## What this task involves
Return the listing exactly, please; no pictures.

## Supplied data
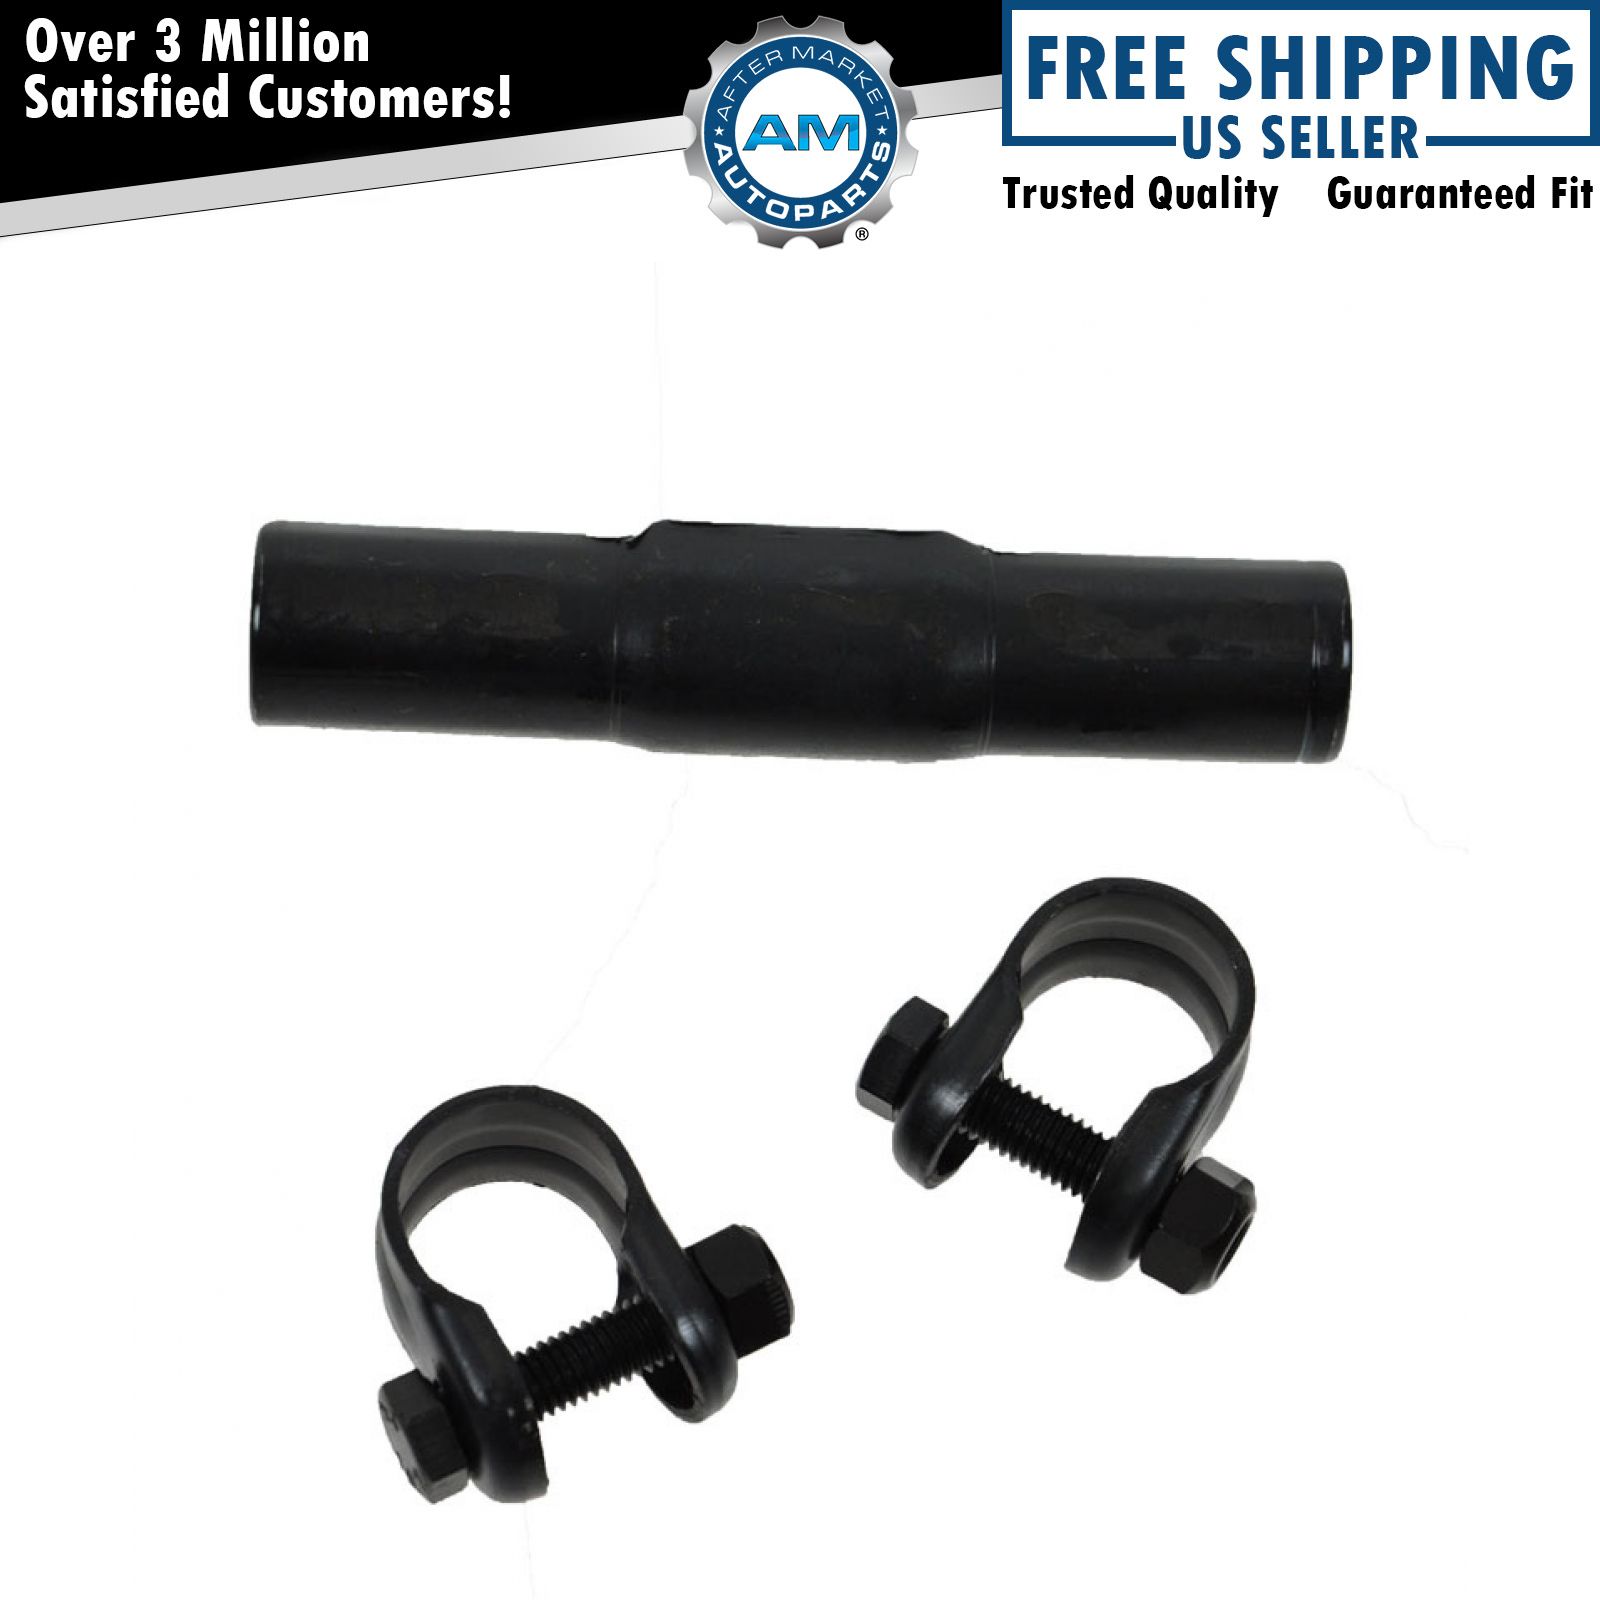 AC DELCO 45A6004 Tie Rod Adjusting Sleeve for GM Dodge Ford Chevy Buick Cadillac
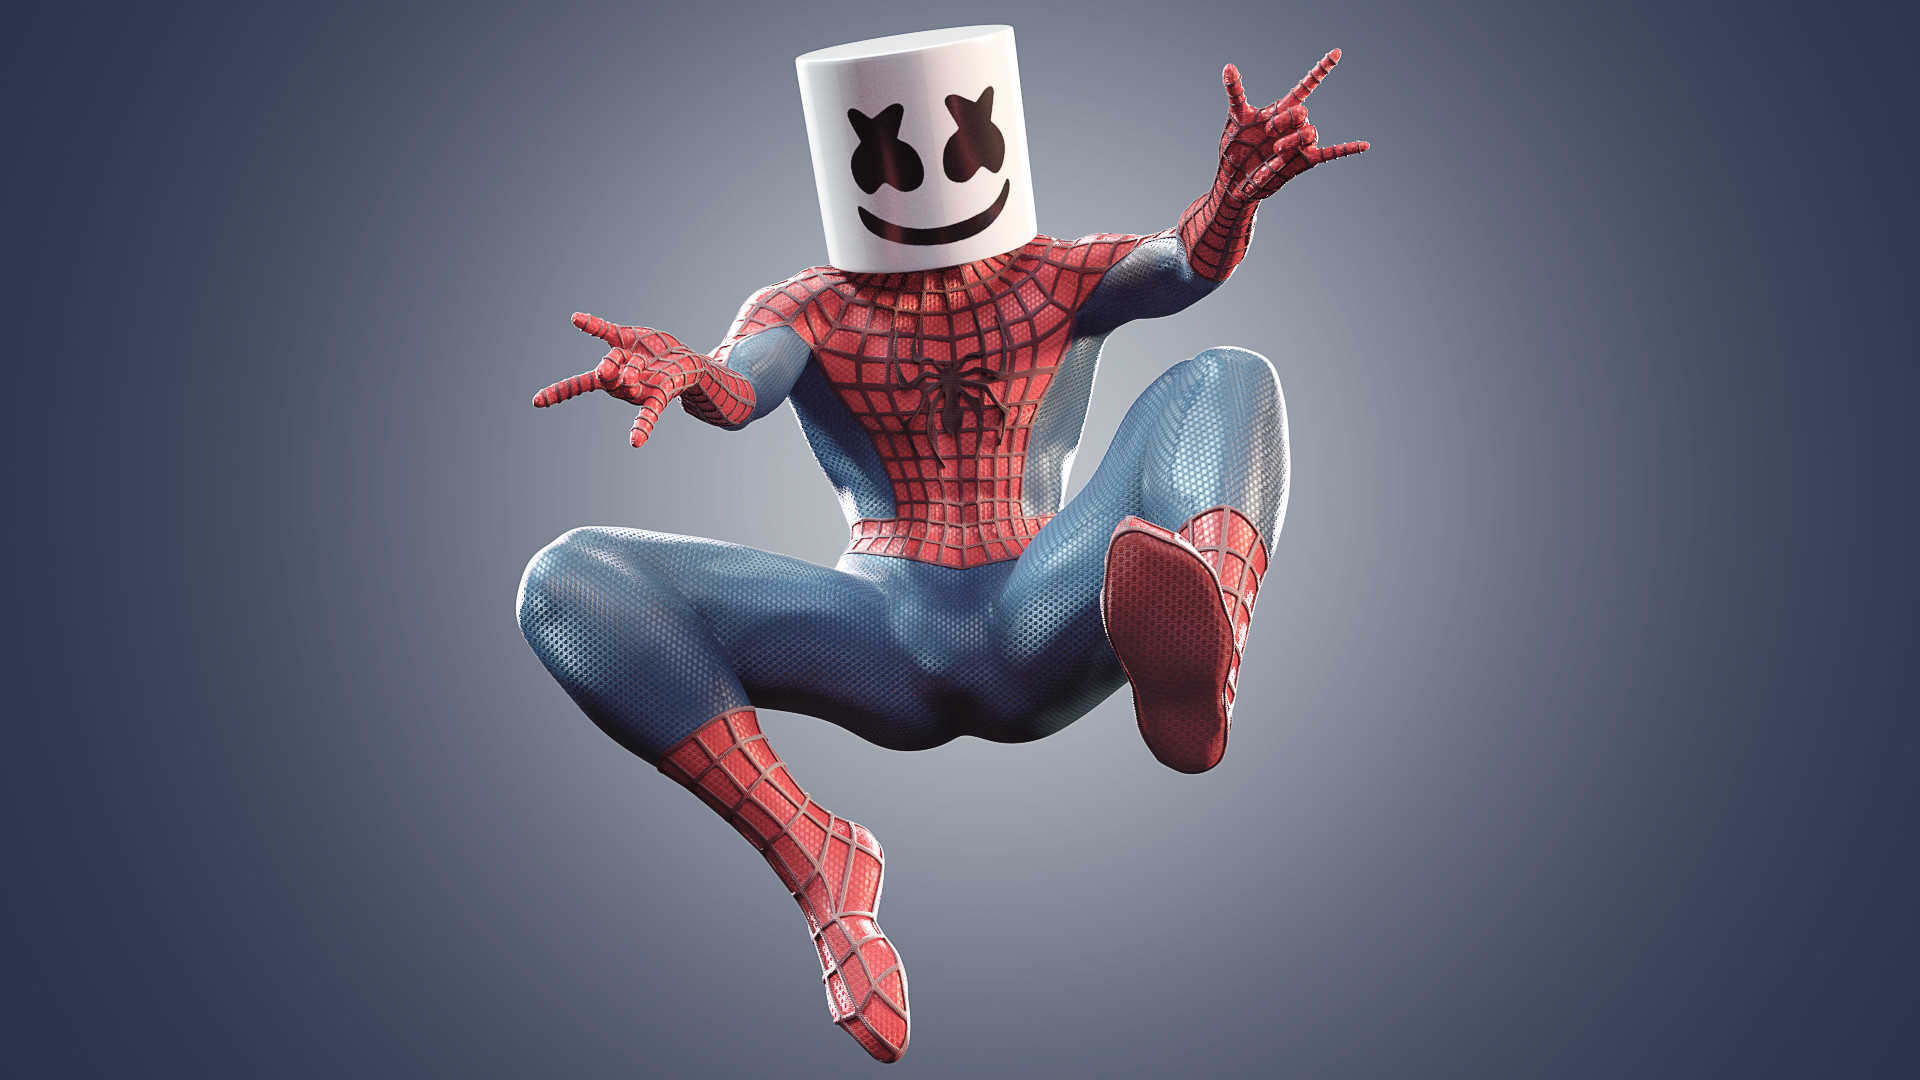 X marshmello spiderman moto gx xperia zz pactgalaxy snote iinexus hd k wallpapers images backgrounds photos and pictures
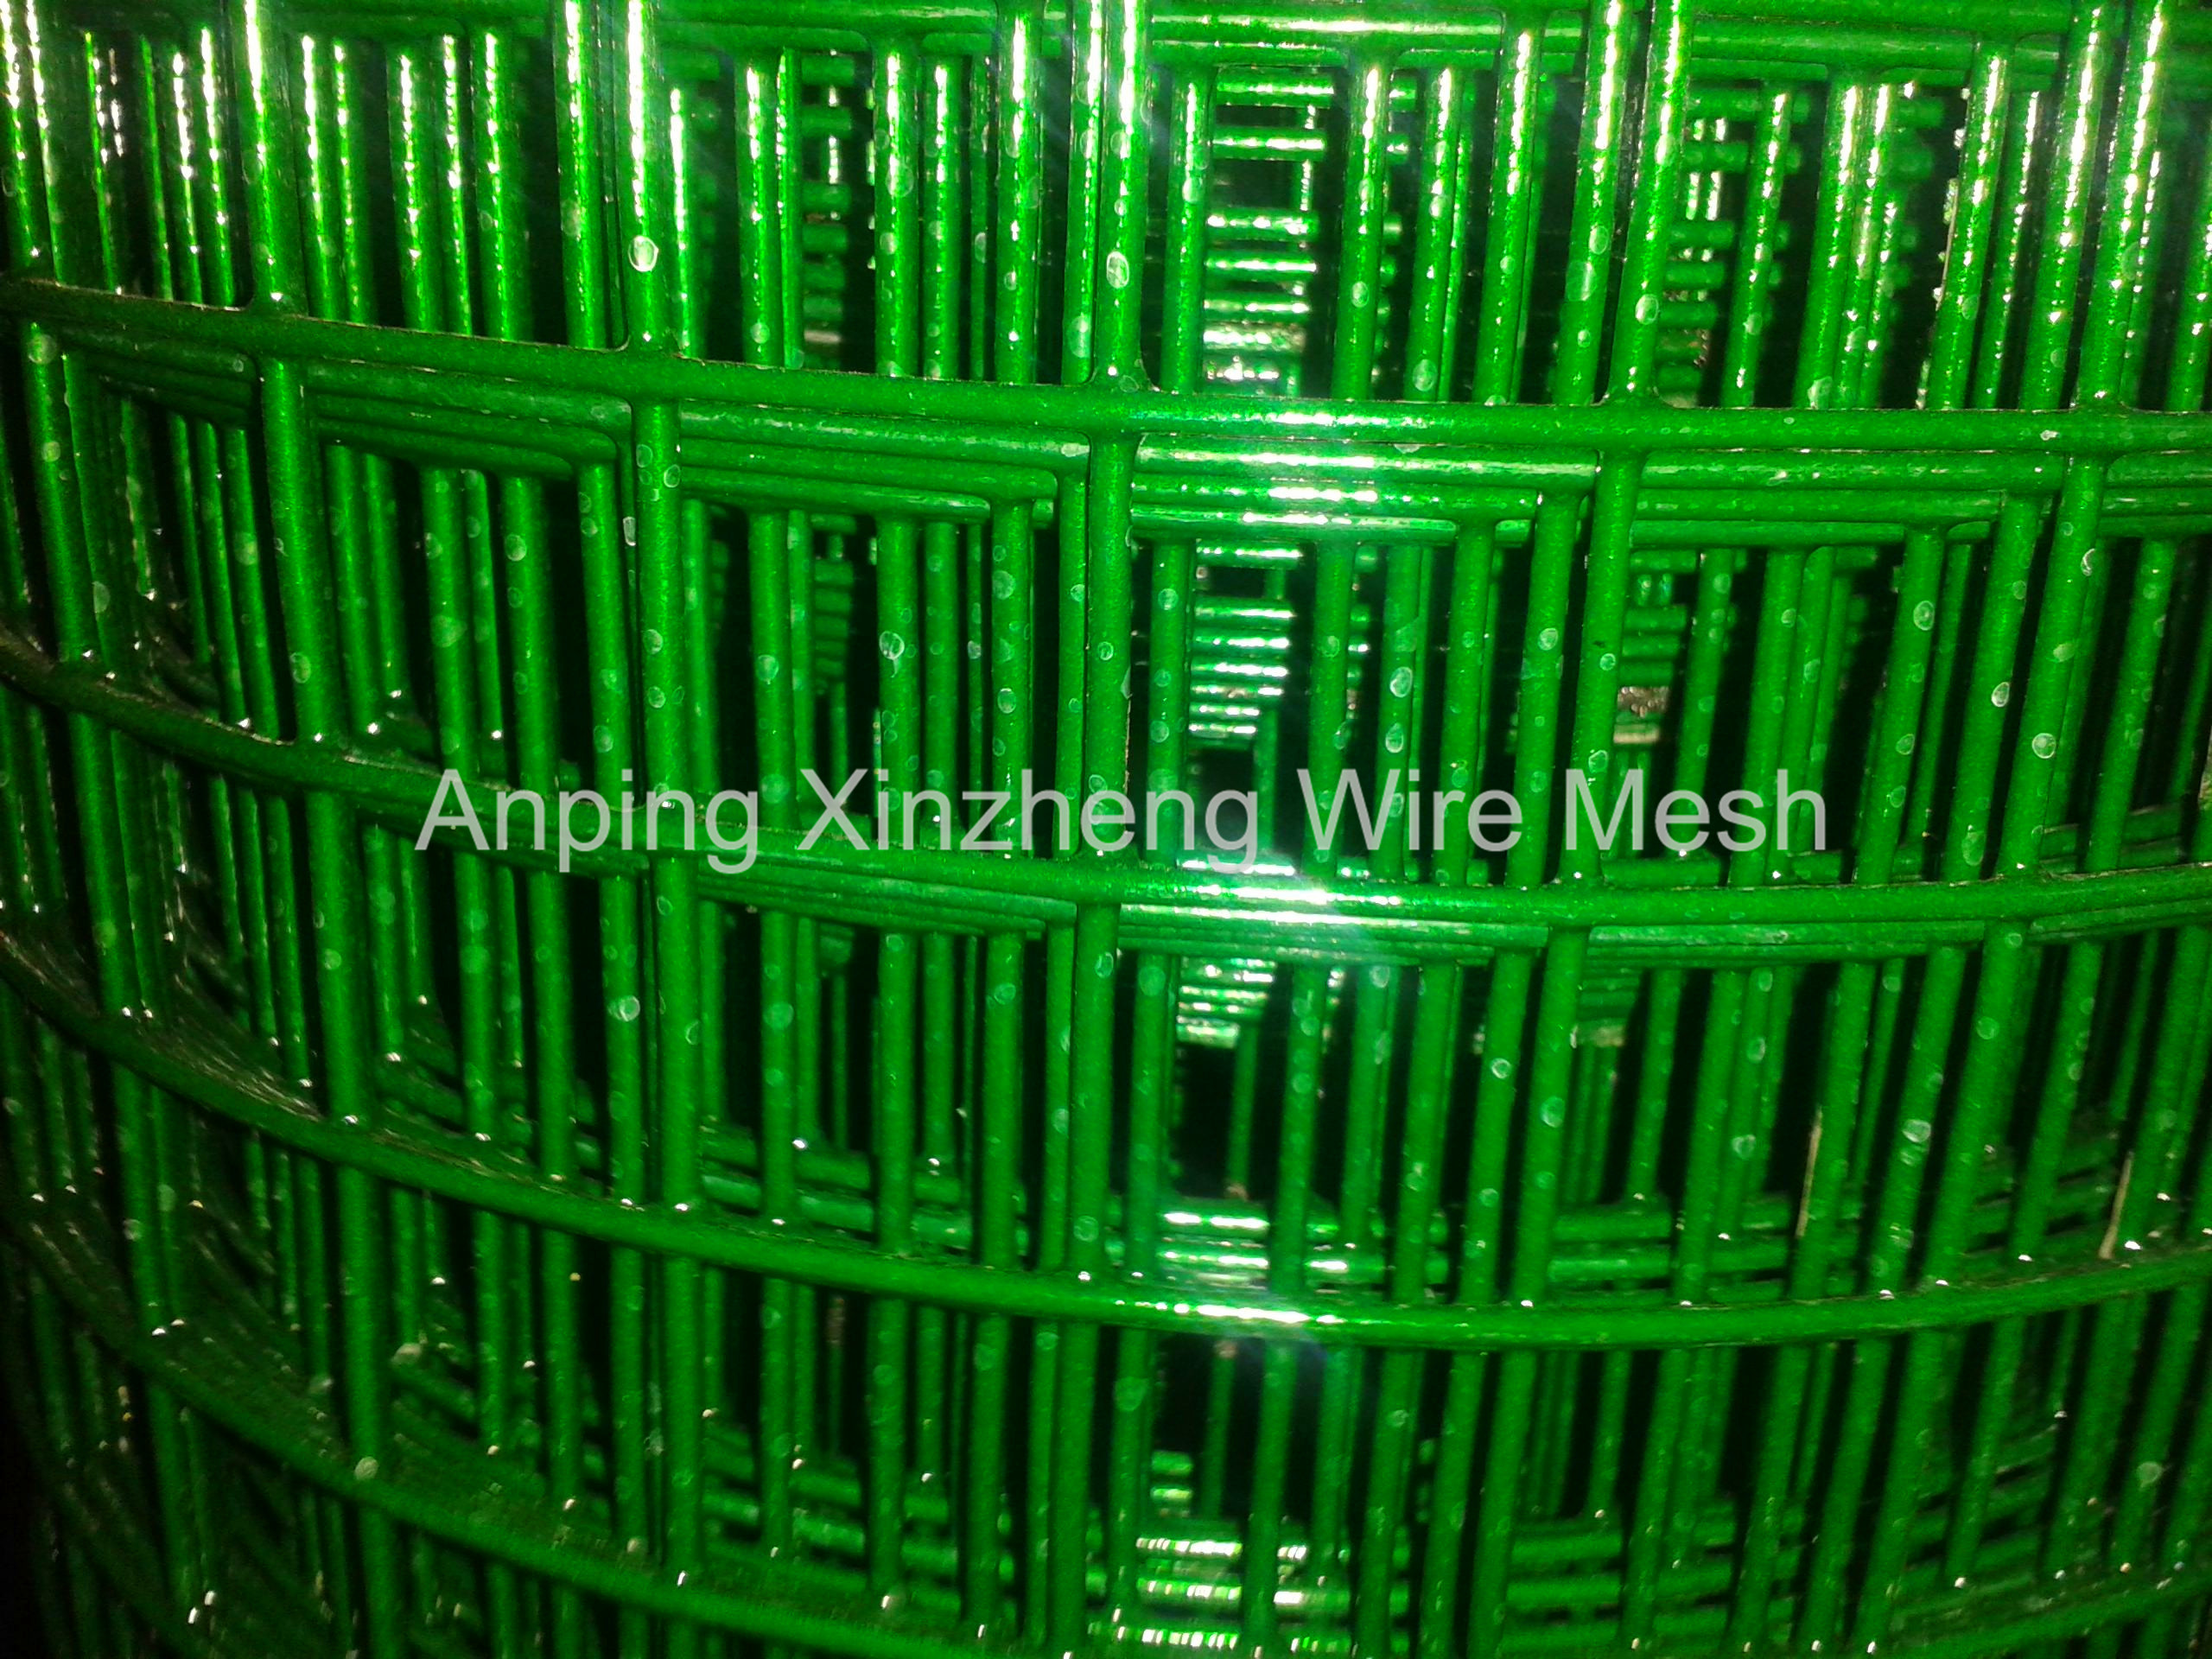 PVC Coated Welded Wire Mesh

## Result
 AC DELCO 45A6004 Tie Rod Adjusting Sleeve for GM Dodge Ford Chevy Buick Cadillac
 X marshmello spiderman moto gx xperia zz pactgalaxy snote iinexus hd k wallpapers images backgrounds photos and pictures
 PVC Coated Welded Wire Mesh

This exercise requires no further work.